The Camp David Accords led to a formal peace treaty in 1979 between Israel and

Egypt: Israel returned the rest of the Sinai, and Egypt became the first Arab state to recognize Israel. (Other Arab states denounced the treaty, and Sadat was assassinated in Cairo in 1981, as he reviewed a parade commemorating the 1973 war.)

Jordan signed a peace treaty with Israel in 1994, but Israel and the Palestinians have remained, in essence, at war. Thousands have died on both sides in two Palestinian uprisings, or intifadas , in Israeli military campaigns in the occupied territories, and in suicide bombings and other attacks on Israelis.

Israel wants the Palestinians to renounce terrorism and genuinely accept its existence, while the Palestinians seek statehood, a capital in Jerusalem, and the right of

Palestinian refugees displaced by the 1948 war to return to Israel.

"Each people believes that justice is totally on its own side," David Shaham, executive director of the International Center for Peace in the Middle East, wrote in The Times some years ago. "Each nurtures its own sufferings and grievances and remains almost completely oblivious to that of the other."

In 2000 at Camp David, President Bill Clinton brought the two sides to the brink of an agreement: Israel would return to its pre-1967 borders, with adjustments, and the

Palestinians would get an independent state with a capital in East Jerusalem, in return for the Palestinians' destroying all terrorist groups.
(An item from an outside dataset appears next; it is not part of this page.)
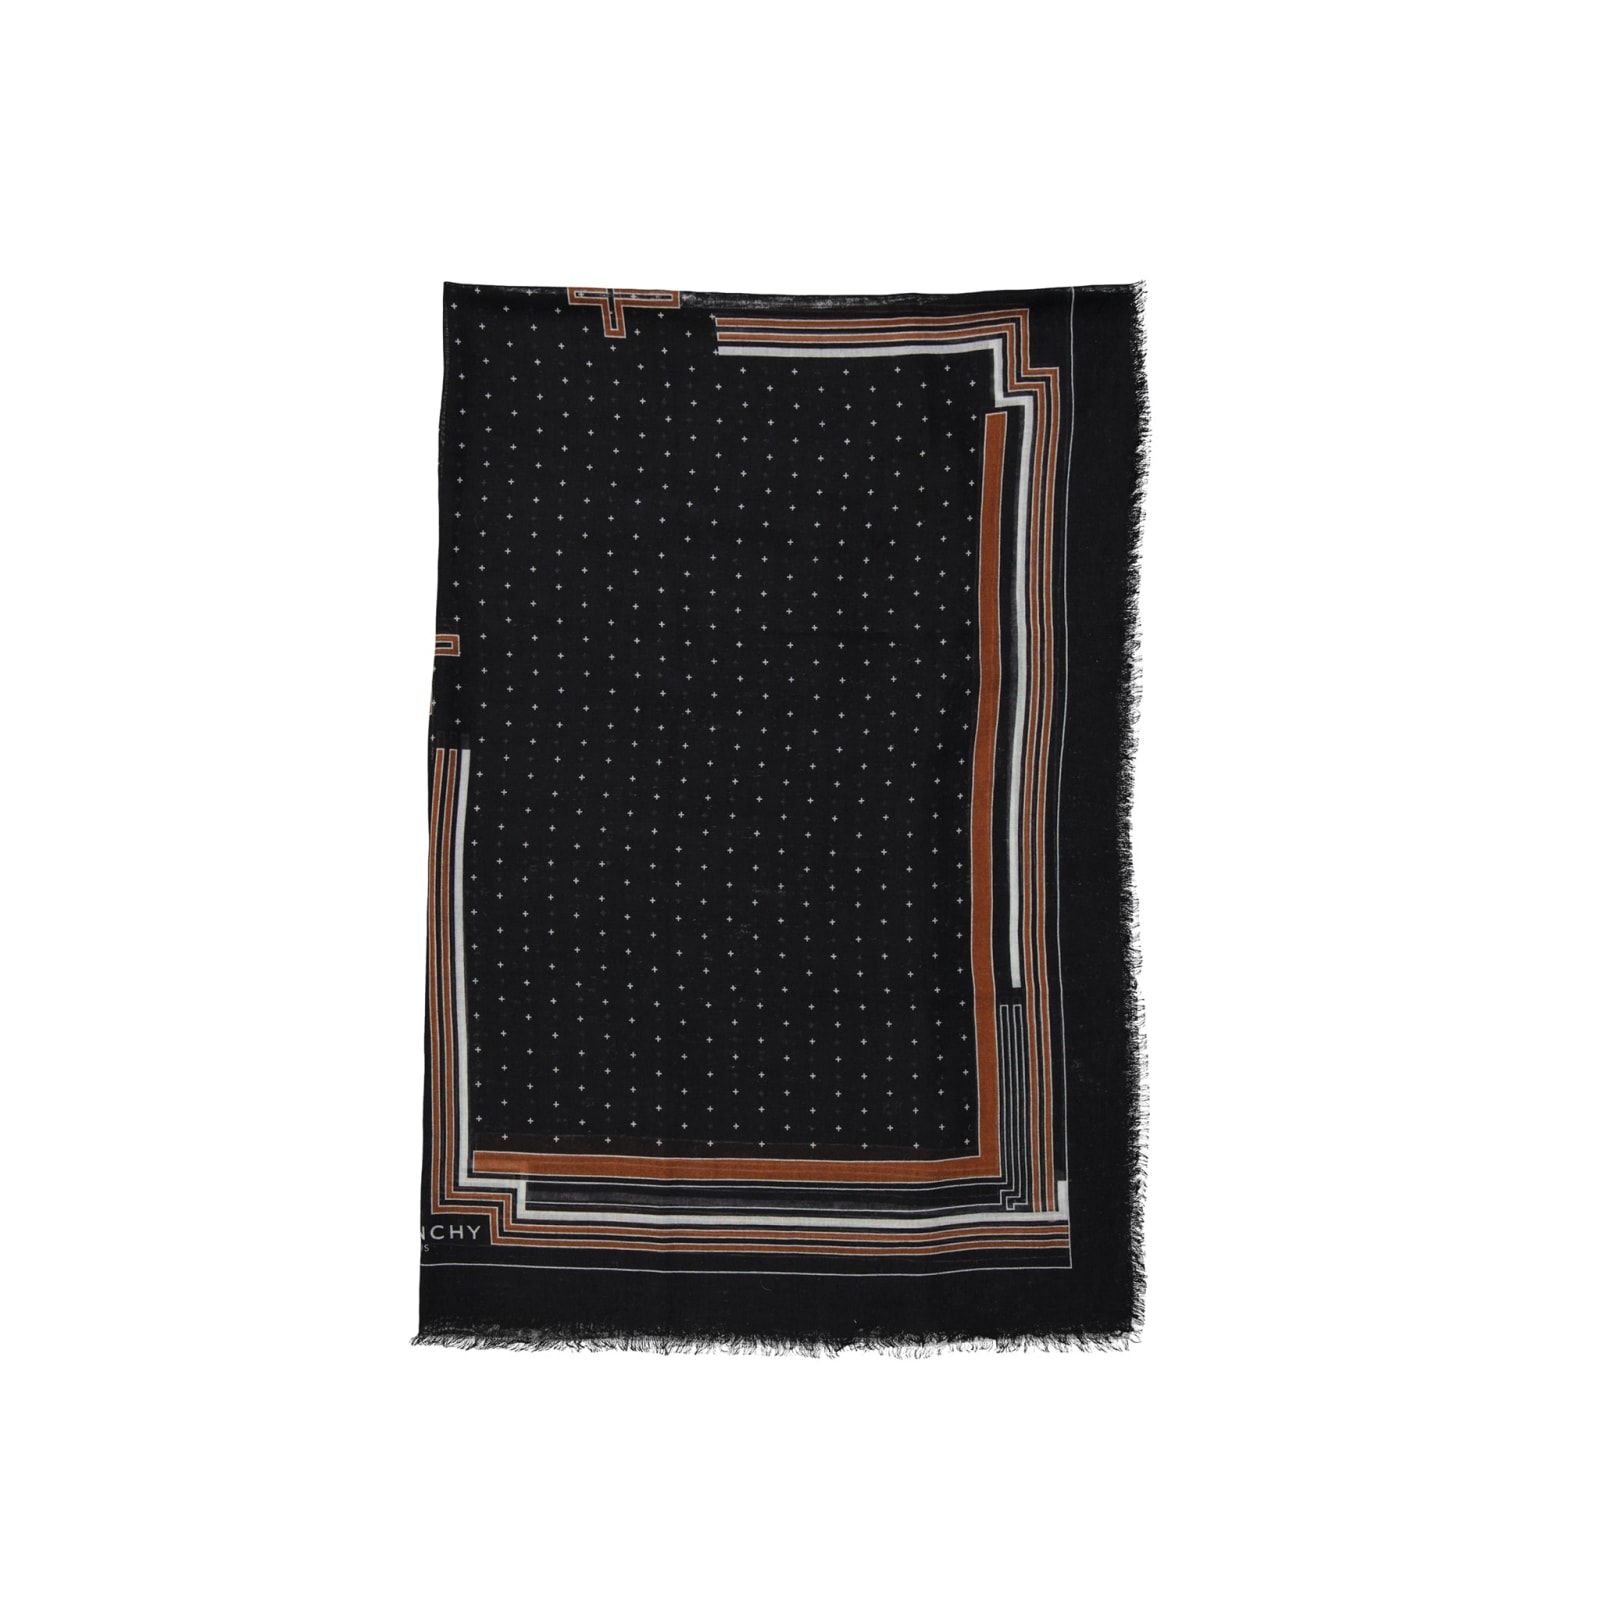 Shop Givenchy Printed Cashmere Foulard In Black

But Arafat, to the consternation of

Clinton and even Arafat's Arab allies, walked away from the negotiations.

According to Leslie Gelb, a former State Department official, Camp David's failure demonstrates the difficulties of bringing the two sides together.

"Israelis said if the Palestinians won't buy this great deal, they don't want peace," Gelb says. "The Palestinians said this was an Israeli trick. The result is what we've seen all these years."
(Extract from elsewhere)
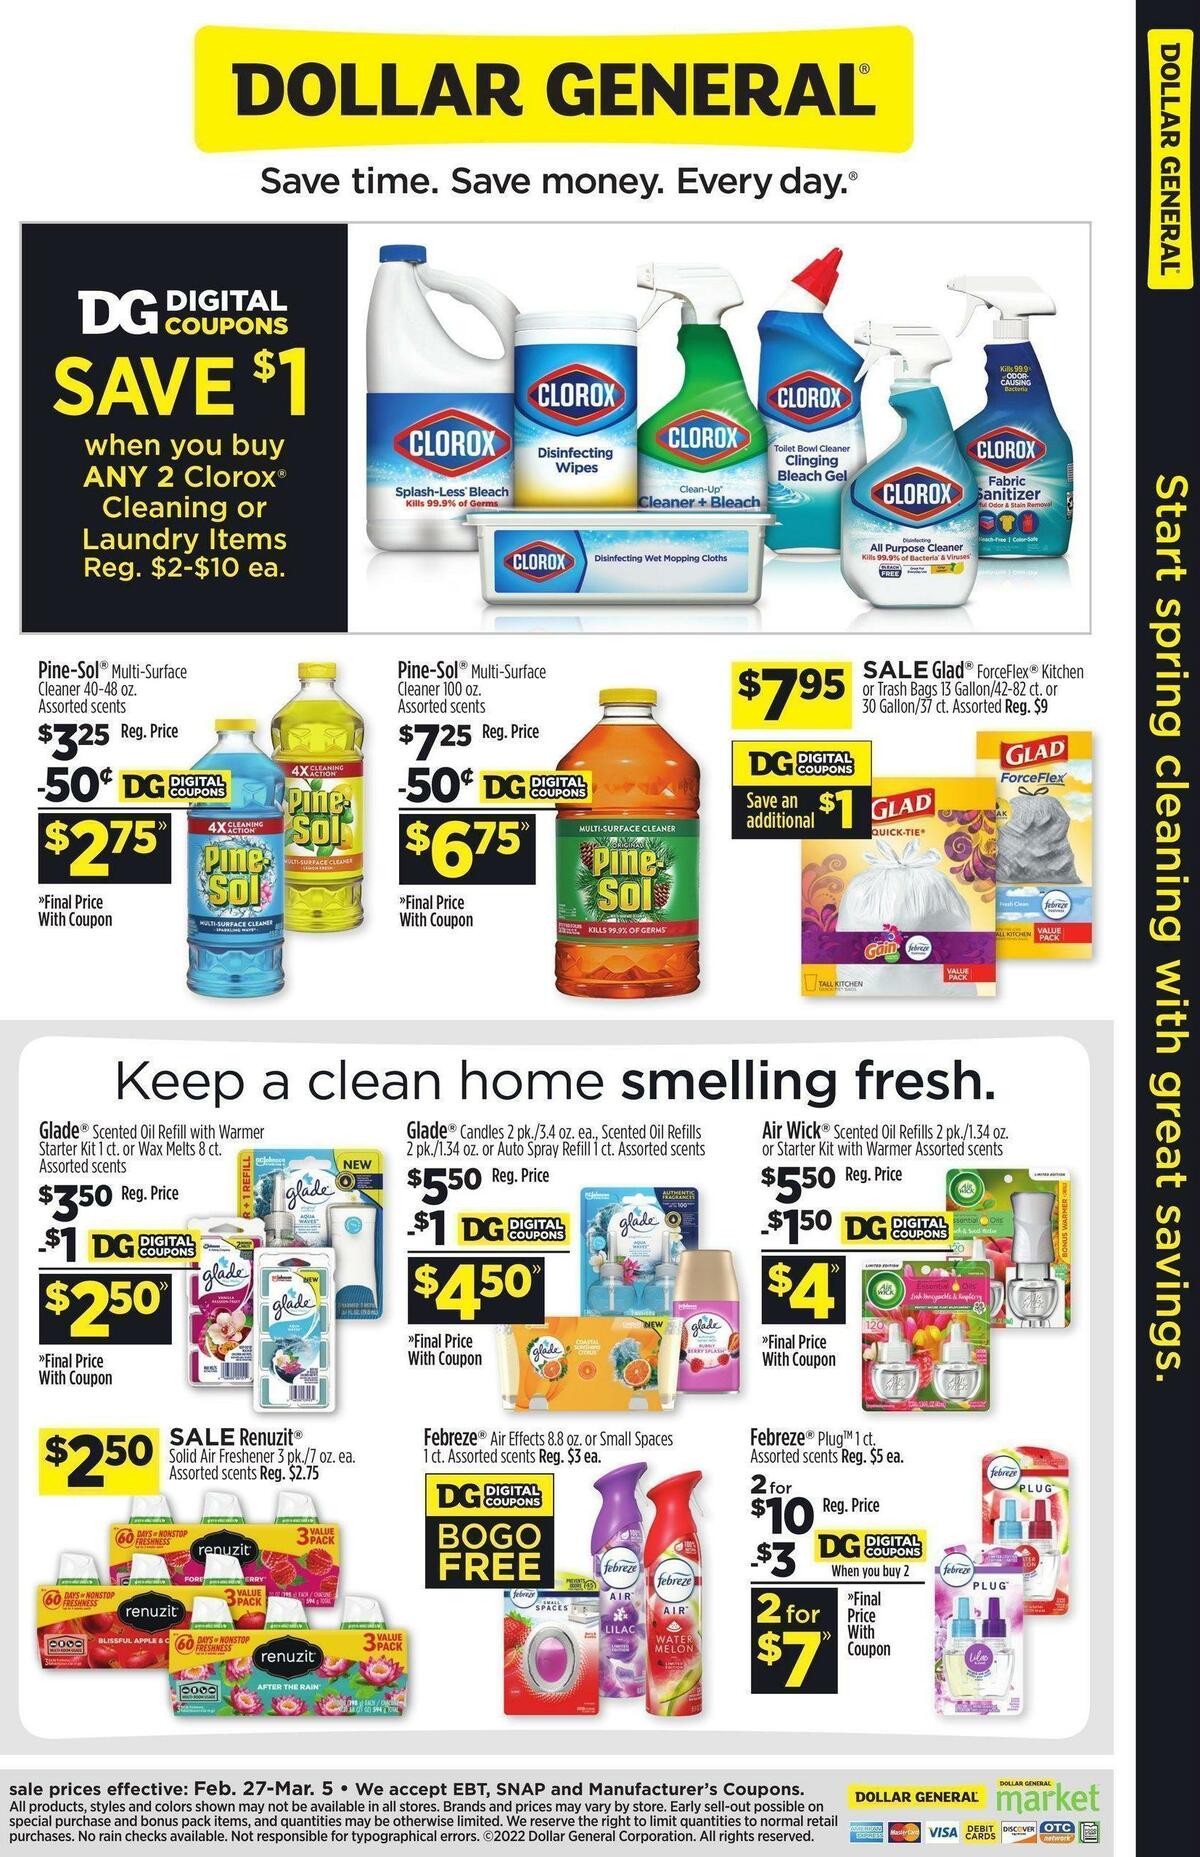 Dollar General Cleaning Deals Weekly Ad from February 27

Within months of the collapse of the Camp David talks, a second, more violent intifada began. Militants carried out dozens of suicide bombings in Israel, and Israel responded with a harsh military crackdown.

The U.S. Role

In the last few years, Israel has been trying to unilaterally "disengage" from the

Palestinians. It began construction of a controversial security barrier to keep suicide bombers from entering Israel, and in 2005, shuttered its settlements in Gaza and withdrew its forces, leaving all of Gaza under the control of the Palestinian Authority. In the West Bank, different areas remain under Israeli, Palestinian, or joint control.
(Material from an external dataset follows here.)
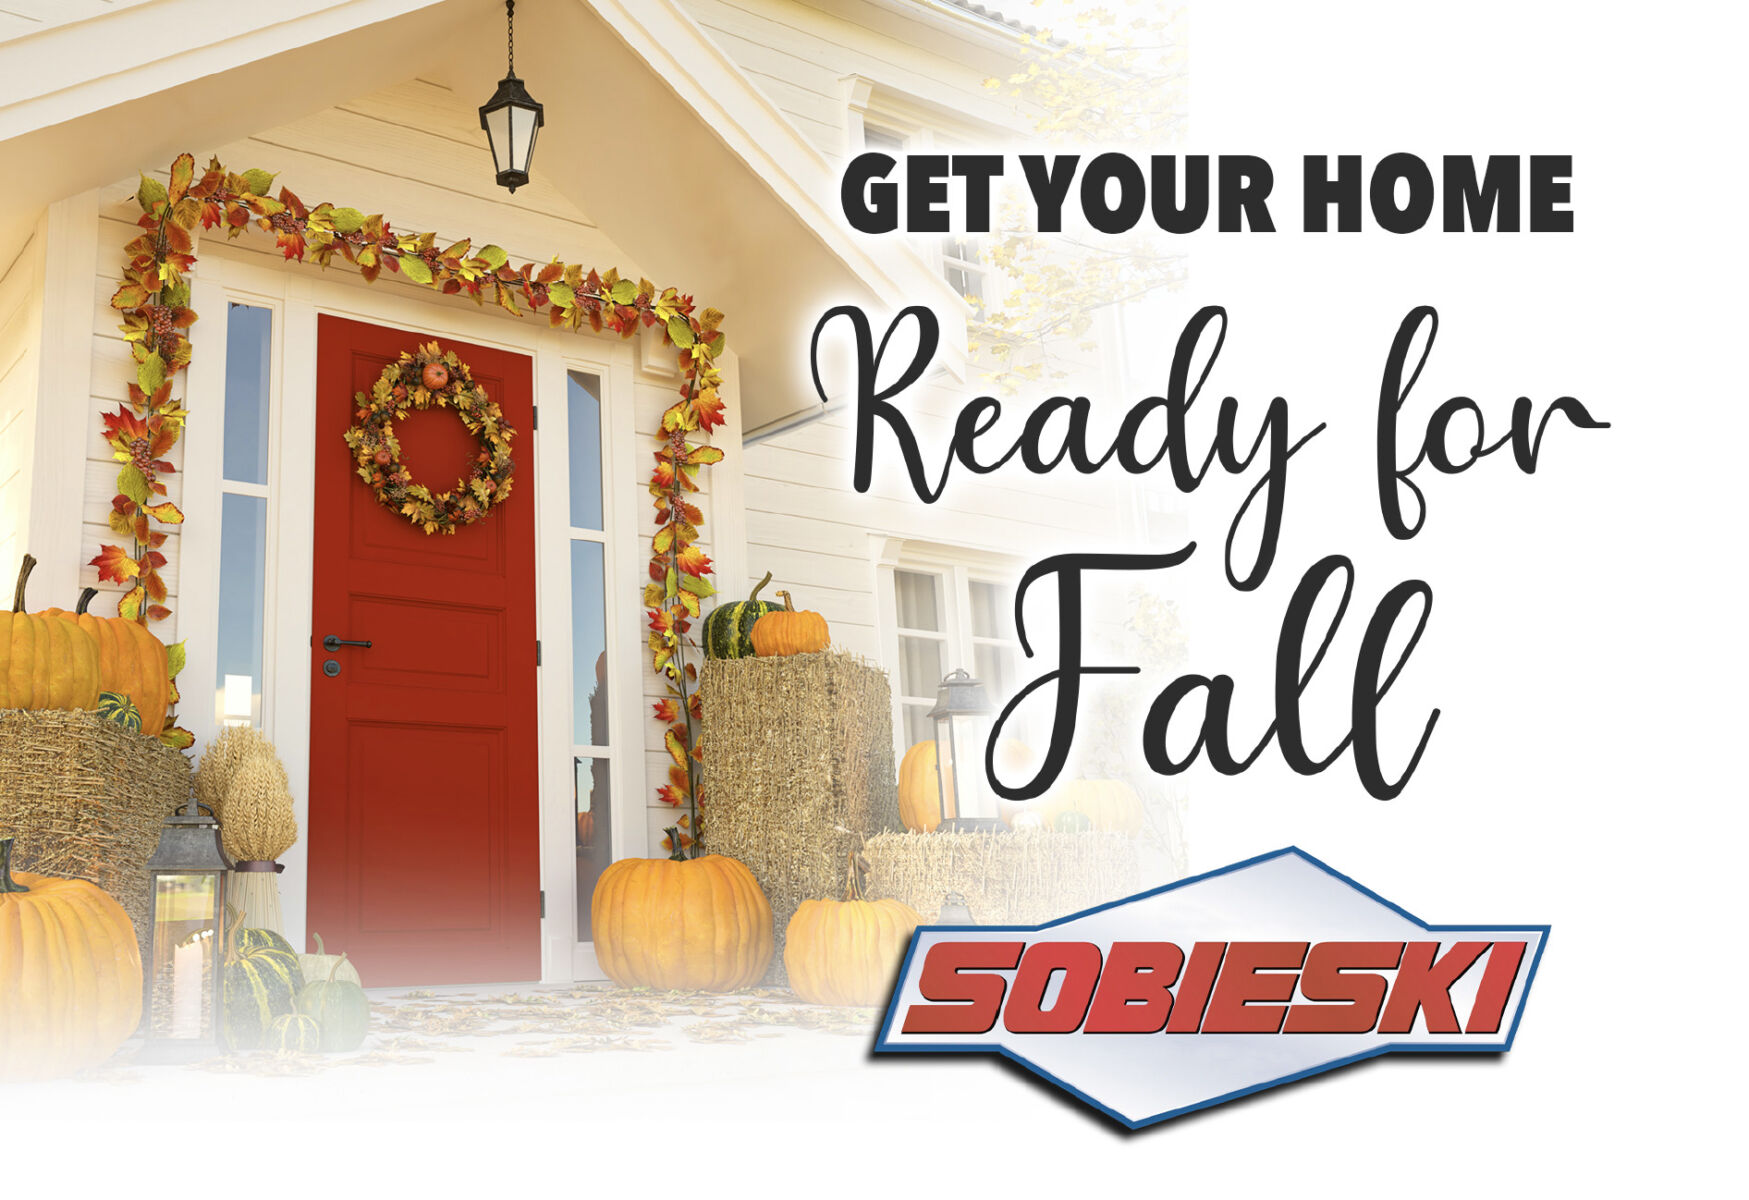 Get your home ready for fall

In 2006, Hamas, a radical fundamentalist group that calls for Israel's destruction, won a majority in the Palestinian parliament, leading the U.S. and other nations to cut off most aid to the Palestinians and refuse to deal with Hamas members of the government.

Most Middle East experts believe that Israel and the Palestinians will eventually reach agreement, but only when moderates on both sides have gained the upper hand over extremists.

Gelb predicts that a final settlement "will be close to the Camp David terms on almost all issues."

Until then, "it's important for the U.S. to keep the negotiating flame lit, and for the moderates on each side to keep connections and avoid despair.

"But conservatively," Gelb says, "it will be years before the two sides are in a position to make a final settlement."